June 16, 20269 min read

RAG Systems with Claude: From Documentation to Production

Build production-grade RAG systems using Claude and vector search. A step-by-step guide to document retrieval, embedding, and cost optimization.

RAGVector SearchClaude API

The problem: how do you give Claude your company's knowledge?

Claude has a 200K token context window — it can hold an entire book. But what if you need to:

Answer questions about docs that change monthly
Search across thousands of documents efficiently
Stay up-to-date without retraining
Control costs (processing 10MB of text every request is expensive)

A naive approach: throw everything into the prompt. This fails because:

You can't practically include all documents
Costs explode as documents grow
Irrelevant context confuses the model
Updates require new deployments

This is the RAG problem: retrieval-augmented generation.

The solution: retrieve relevant context, then generate

RAG works in two steps:

text

1. RETRIEVAL: User asks a question
   → Search your documents for relevant context
   → Return top-5 most similar passages

2. GENERATION: Feed Claude the question + retrieved context
   → Claude answers based on your documents
   → Returns answer with citations

This is powerful because:

Only relevant documents are processed (low cost)
Your docs can be updated independently
Answers are grounded in your knowledge
Fully auditable (you see which docs were used)

How Techcologic builds RAG systems

We use a three-layer architecture.

Layer 1: Embedding & vector search

Step 1: Chunk your documents into passages (500–1000 tokens each).

text

Document: "Claude API Overview.pdf" (200 pages)
→
Chunks: [
  "Claude is a large language model trained by Anthropic...",
  "To use Claude, you need an API key from...",
  "The Claude model family includes Opus, Sonnet, and Haiku...",
  ... (200+ chunks)
]

Step 2: Convert chunks to embeddings.

text

Embedding Service: text-embedding-3-small (or another embedding model)
Chunk: "Claude is a large language model..."
→
Vector: [0.123, -0.456, 0.789, ..., 0.234] (1536 dimensions)

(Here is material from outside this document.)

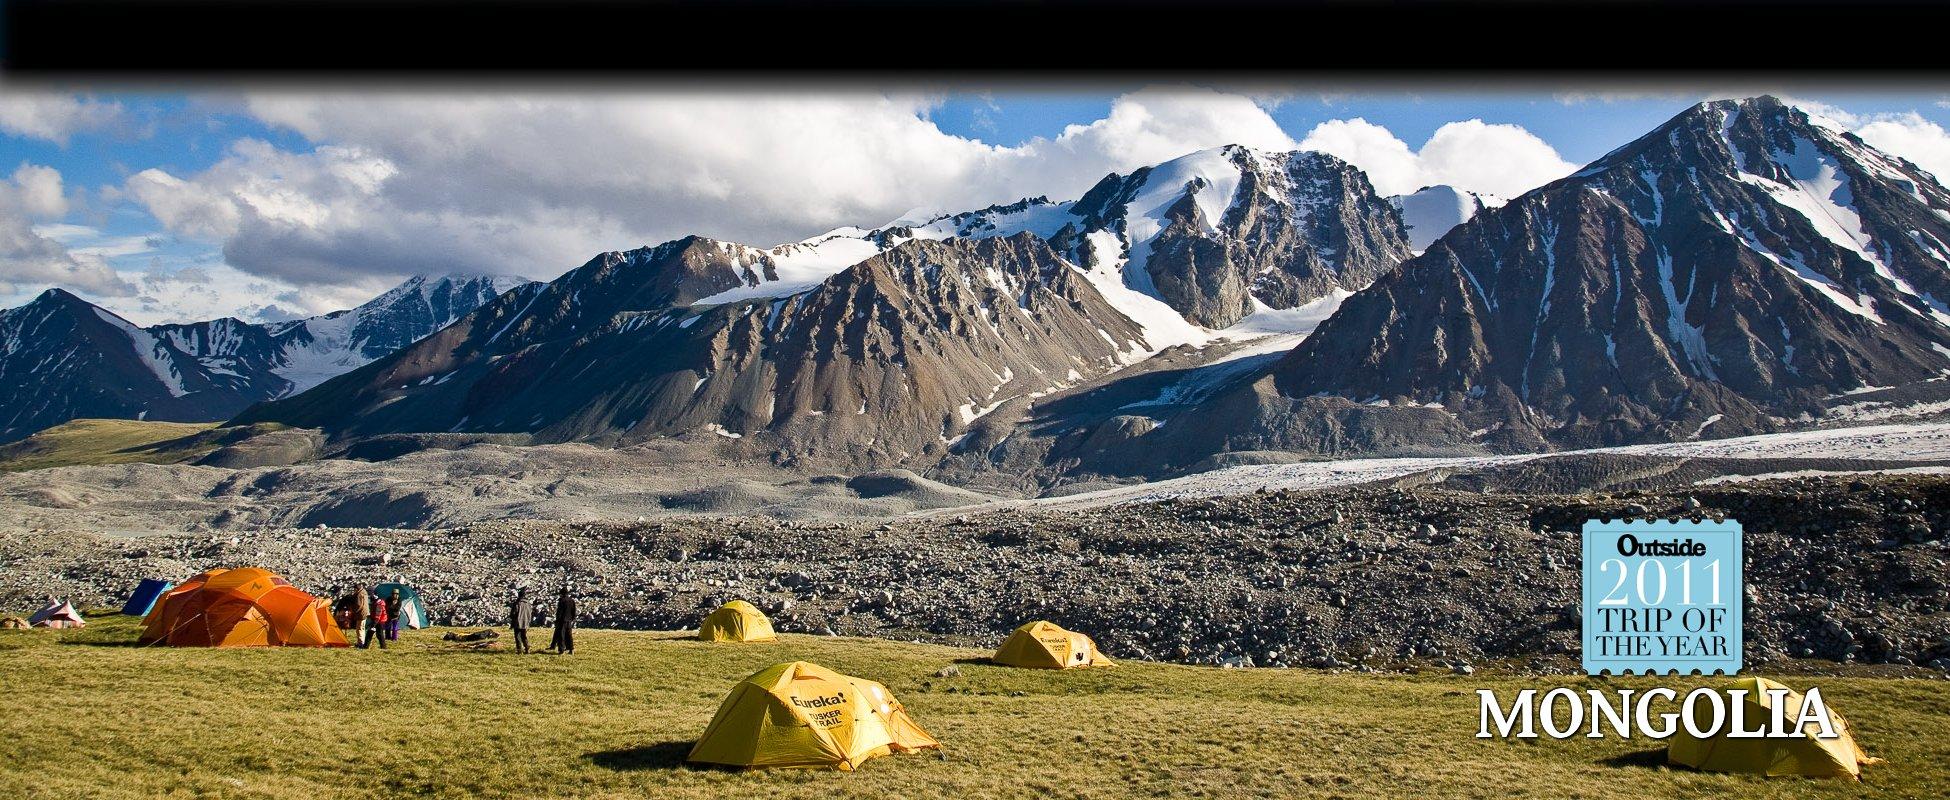 Mongolia Trek Dates & Prices

Step 3: Store in a vector database.

text

Database: pgvector (PostgreSQL + vector extension)
        OR Pinecone, Weaviate, Milvus (cloud)

Table: documents
├─ id: chunk_id
├─ text: "Claude is a..."
├─ vector: [embeddings]
├─ source: "Claude API Overview.pdf"
└─ updated_at: 2024-06-15

Layer 2: Retrieval on query

When a user asks a question:

python

# 1. Embed the user's question
user_question = "How do I use Claude with streaming?"
query_vector = embed_model.embed(user_question)

# 2. Find similar documents in your database
similar = vector_db.search(
    query_vector,
    top_k=5,
    min_similarity=0.7
)

# 3. Result: Top-5 passages from your docs
retrieved = [
    {
        "text": "Claude supports streaming via server-sent events...",
        "source": "API Guide.pdf",
        "similarity": 0.94
    },
    ... (4 more)
]

Layer 3: Generation with Claude

python

# Construct the augmented prompt
prompt = f"""
Use the following context from Techcologic documentation:

{retrieved_context}

User question: {user_question}

Answer the question using ONLY the context above.
If the answer isn't in the context, say: "I don't have information on this."
Include citations: (Source: document_name)
"""

# Call Claude with your knowledge
response = claude.message(prompt, max_tokens=500)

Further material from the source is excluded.